Roy mal podia acreditar no que ouvira. Su Nuo acabara de dizer que precisava de sua ajuda? Afinal, ele era realmente importante para ela.
— E como posso ajudá-la?
Do lado de fora do Salão do Alquimista, Tianlin, que antes fora imobilizado, estava agora amarrado graças ao esforço conjunto do Menino Espiritual e do Pequeno Alquimista. Os dois estavam exaustos.
— Ufa, finalmente conseguimos pegá-lo! Quero ver para onde você foge agora! — exclamou o Menino Espiritual, ofegante, assim como seu companheiro.
— Irmão, o que fazemos agora? Devemos entregar Tianlin ao Mestre? — perguntou o Pequeno Alquimista.
— Irmãozinho, eu errei, não me entregue ao Mestre, por favor! — Assim que ouviu que seria levado a Roy, Tianlin imediatamente fez cara de coitado.
— Sempre com essas lágrimas de crocodilo, mas não vou mais cair nas suas armadilhas. — O Menino Espiritual já estava imune às artimanhas de Tianlin. Toda vez que ele causava confusão, acabava arrastando o Menino Espiritual para ser punido junto. Por pena, bastava ver a carinha triste de Tianlin que ele amolecia.
— Irmãozinho, eu juro que aprendi a lição — disse Tianlin, com uma sinceridade quase convincente.
— Chega. Toda vez você diz isso. Desta vez, vou mesmo entregá-lo ao Mestre. Ande.
— Não, não quero ver o Mestre! Soltem-me! — Tianlin, percebendo que o Menino Espiritual não cederia, começou a se debater.
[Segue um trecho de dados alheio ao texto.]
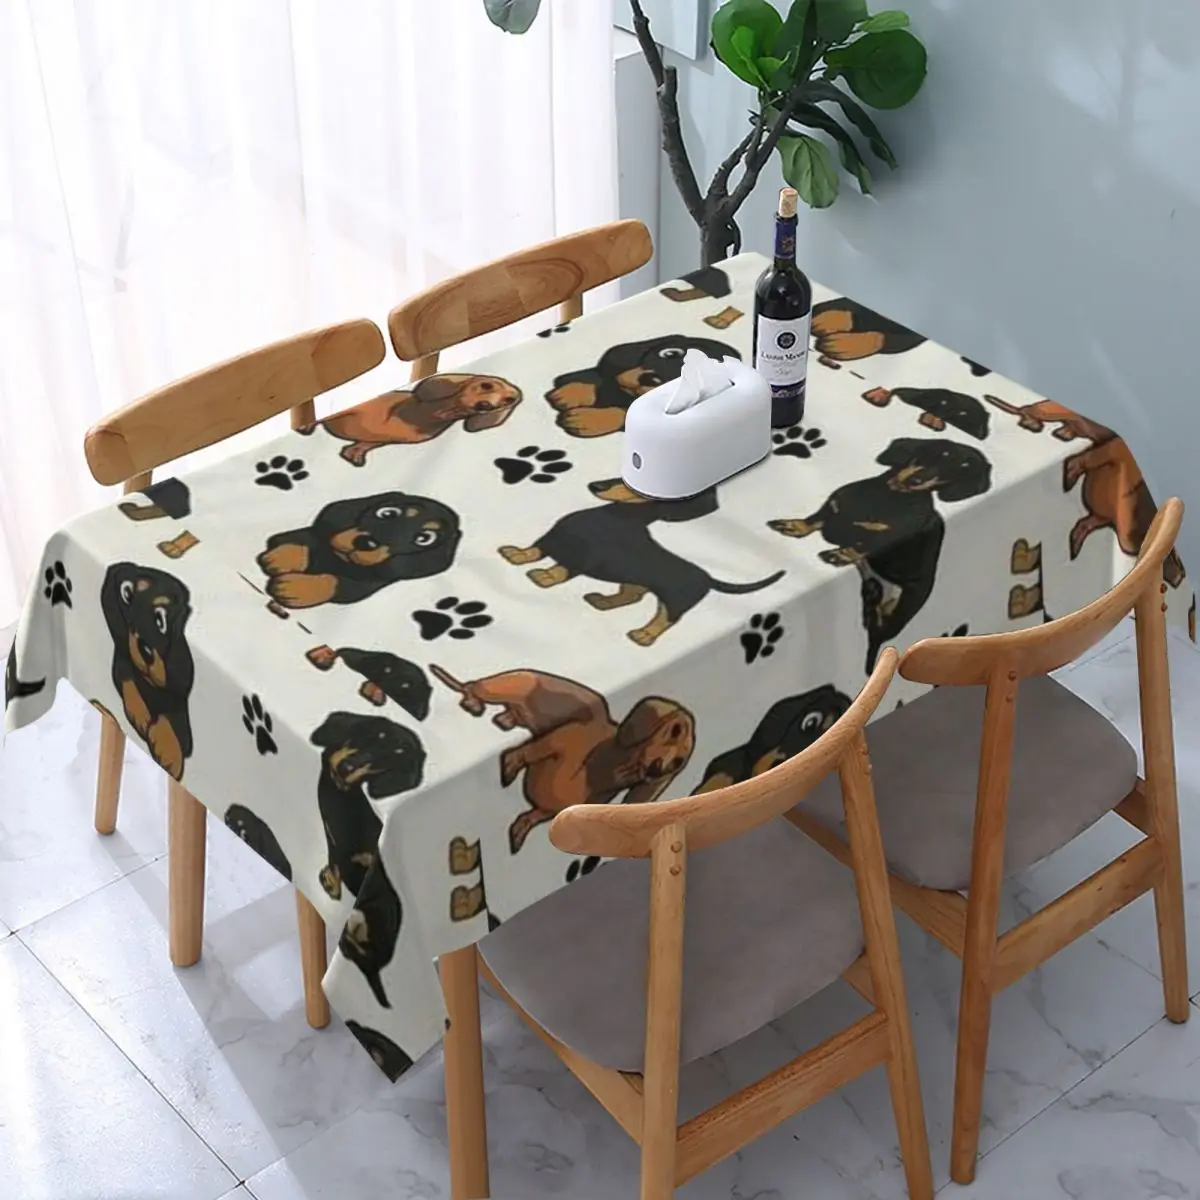 

Dachshund Dog Tablecloth Rectangular Fitted Waterproof Badger Sausage the Wiener Puppy Table Cloth Cover for Kitchen

Assim que se soltou, tentou fugir, mas antes de dar um passo, foi laçado por uma corda vermelha.
— Saudações, Mestre! Saudações, Deusa Ji Yan! — O Menino Espiritual já vira Roy sair do salão, por isso deixou Tianlin se soltar, mas logo o prendeu novamente. Assim que Roy apareceu, ambos se apressaram em saudá-lo.
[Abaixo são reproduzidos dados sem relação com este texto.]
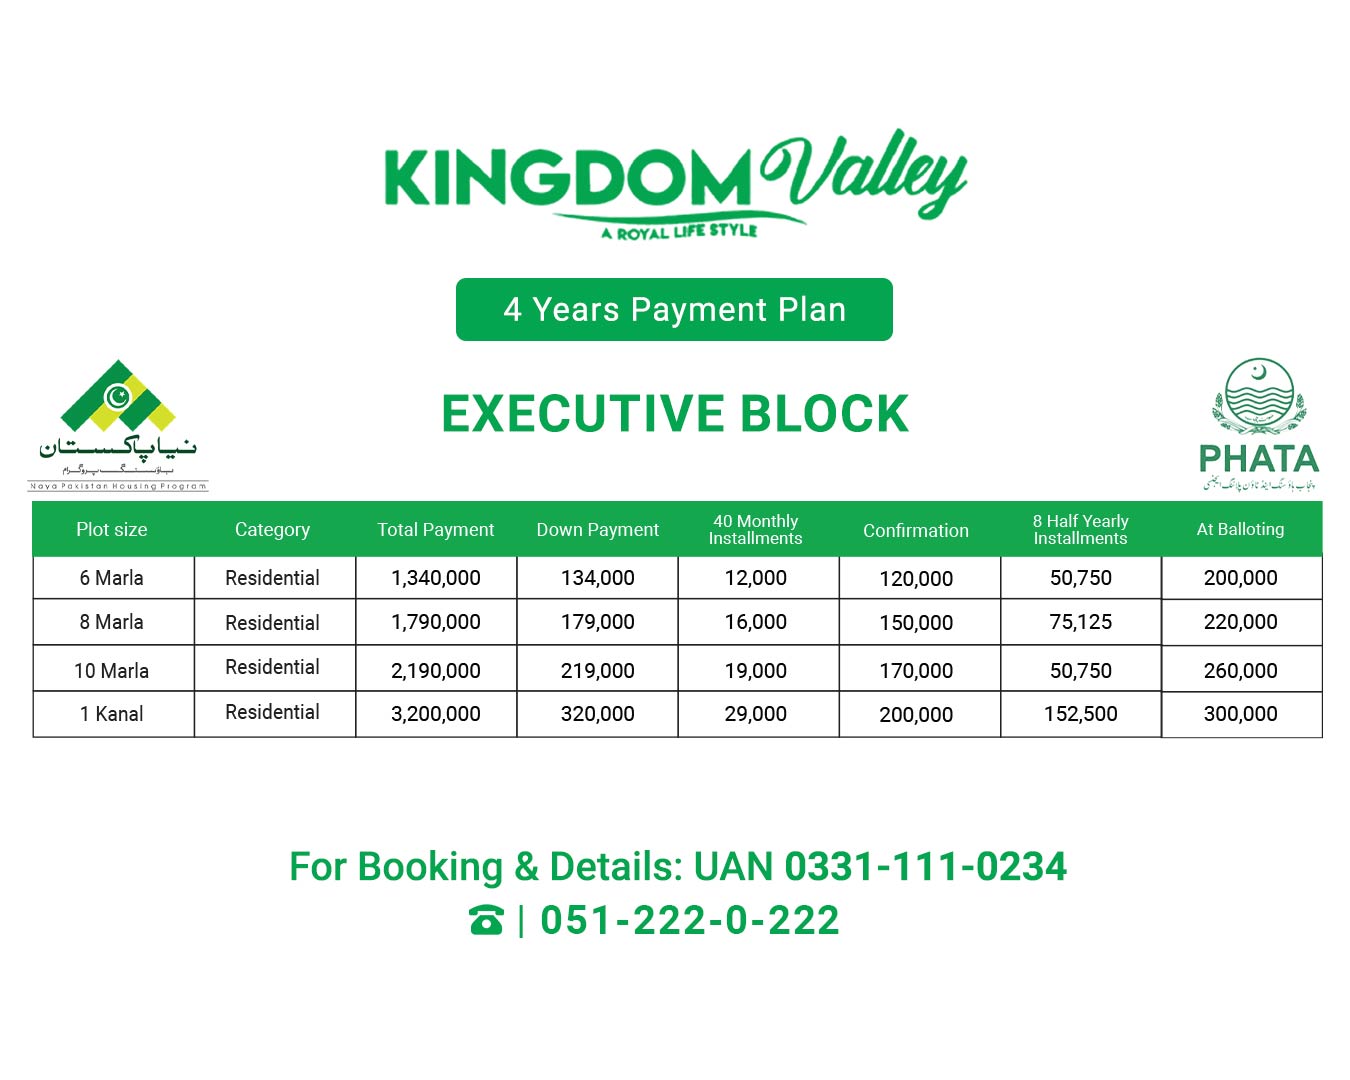 kingdom valley executive block New payment plan

— Cuidem bem do Salão do Alquimista. Preciso sair em missão com a Deusa Ji Yan.
— Sim! — responderam em uníssono.
Após dar as instruções, Roy dirigiu-se a Tianlin, que, ao vê-lo se aproximar, engoliu em seco de nervoso. Embora temesse a repreensão, forçou um sorriso bajulador.
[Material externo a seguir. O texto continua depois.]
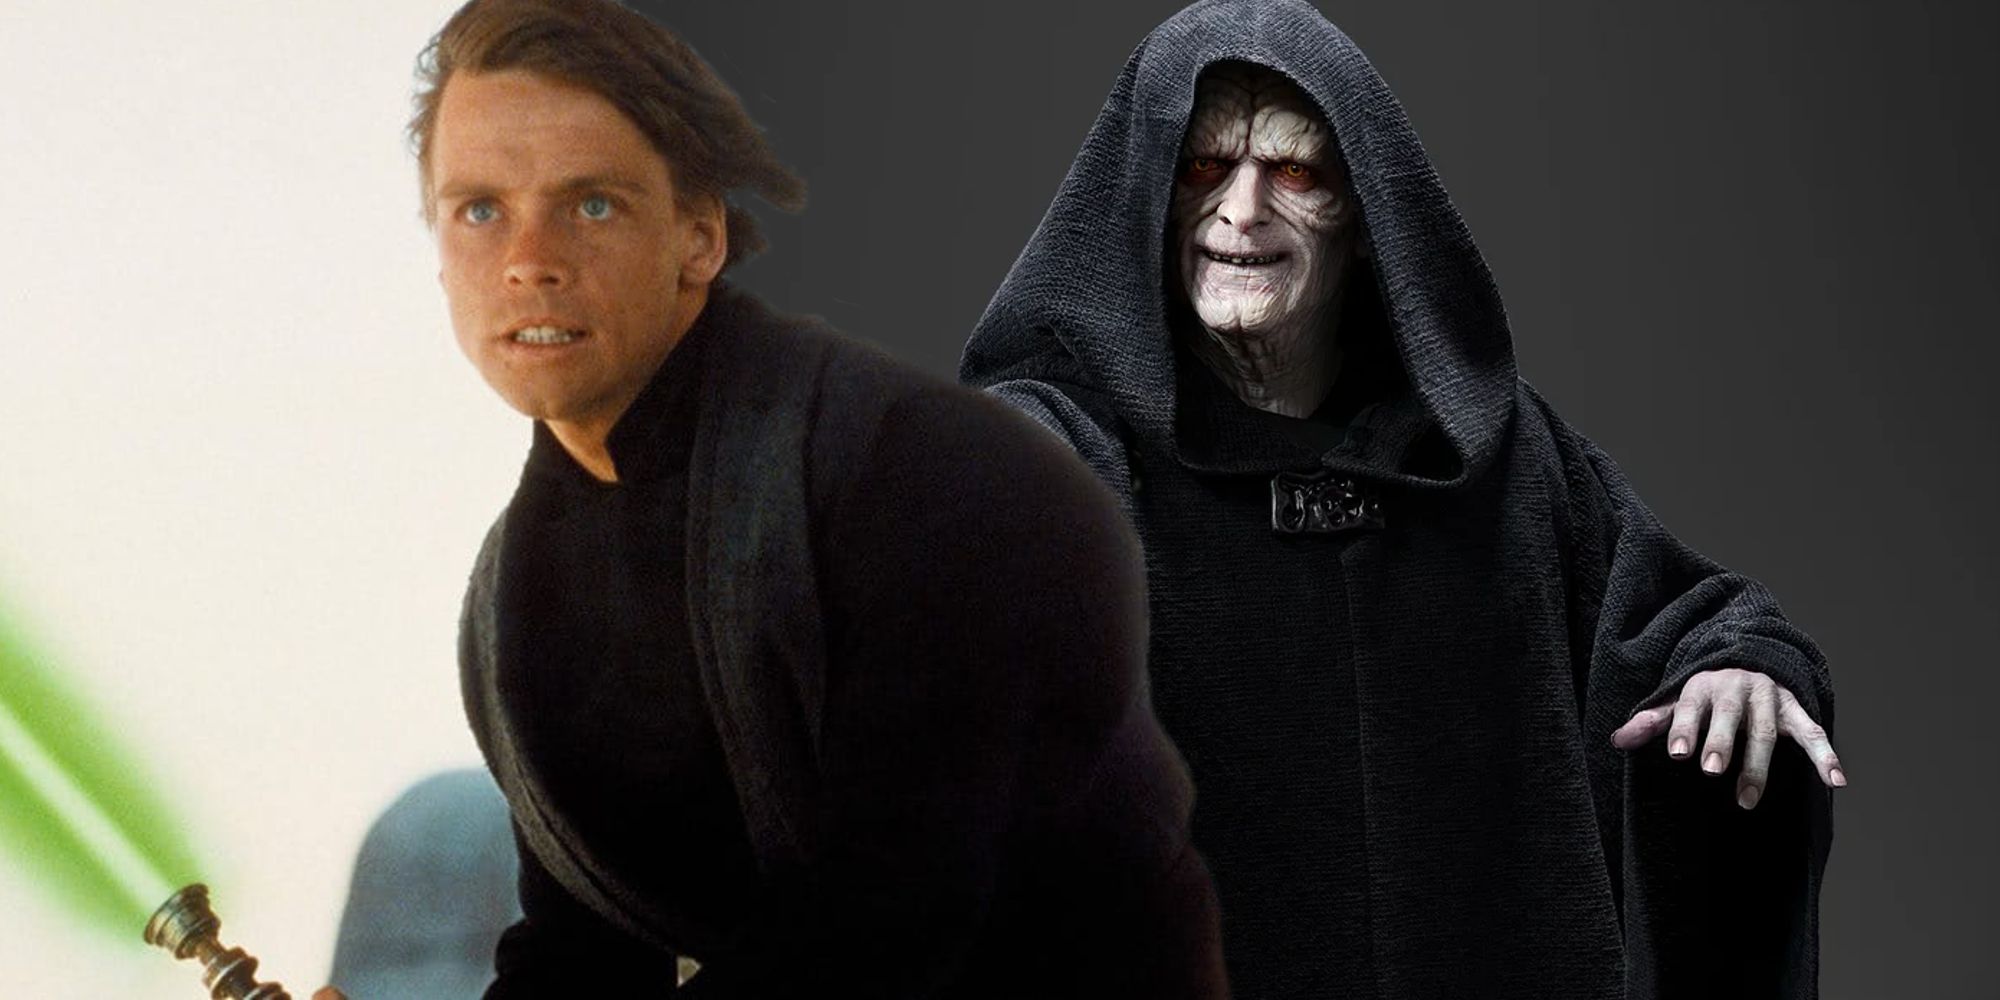 Palpatine’s Contingency Was All About Darth Vader (Not The Rebellion)

— Mestre, eu realmente aprendi a lição! — Roy não respondeu, apenas se ajoelhou diante dele.
— Mestre, eu juro que me arrependi! — Tianlin não sabia que punição receberia, então insistia em pedir perdão. Roy, vendo seu desespero, suspirou e retirou do manto a Pérola de Dissipação de Raios recém-criada. Com um gesto mágico, fundiu-a à testa de Tianlin.
Uma claridade violeta brilhou, a pérola penetrou no corpo de Tianlin e, num instante, ele deixou de ser uma criança para se tornar um jovem adolescente, de traços delicados e olhos brilhantes, ainda mais belo que o Menino de Ouro.
Roy recolheu a corda vermelha e Tianlin, agora livre, levantou-se, surpreso com sua nova aparência.
— Mestre, por que me transformei assim?
— Você já cultiva há dez mil anos. Já era hora de assumir sua forma adulta. Hoje, dei-lhe o empurrão necessário.
— Obrigado, Mestre! — Tianlin, agora em sua forma adolescente, mostrava-se muito mais maduro. Su Nuo, que observava as costas de Roy, parecia pensativa.
— Vamos? — disse Roy, voltando-se para Su Nuo.
— Vamos! — respondeu ela, despertando de seus pensamentos.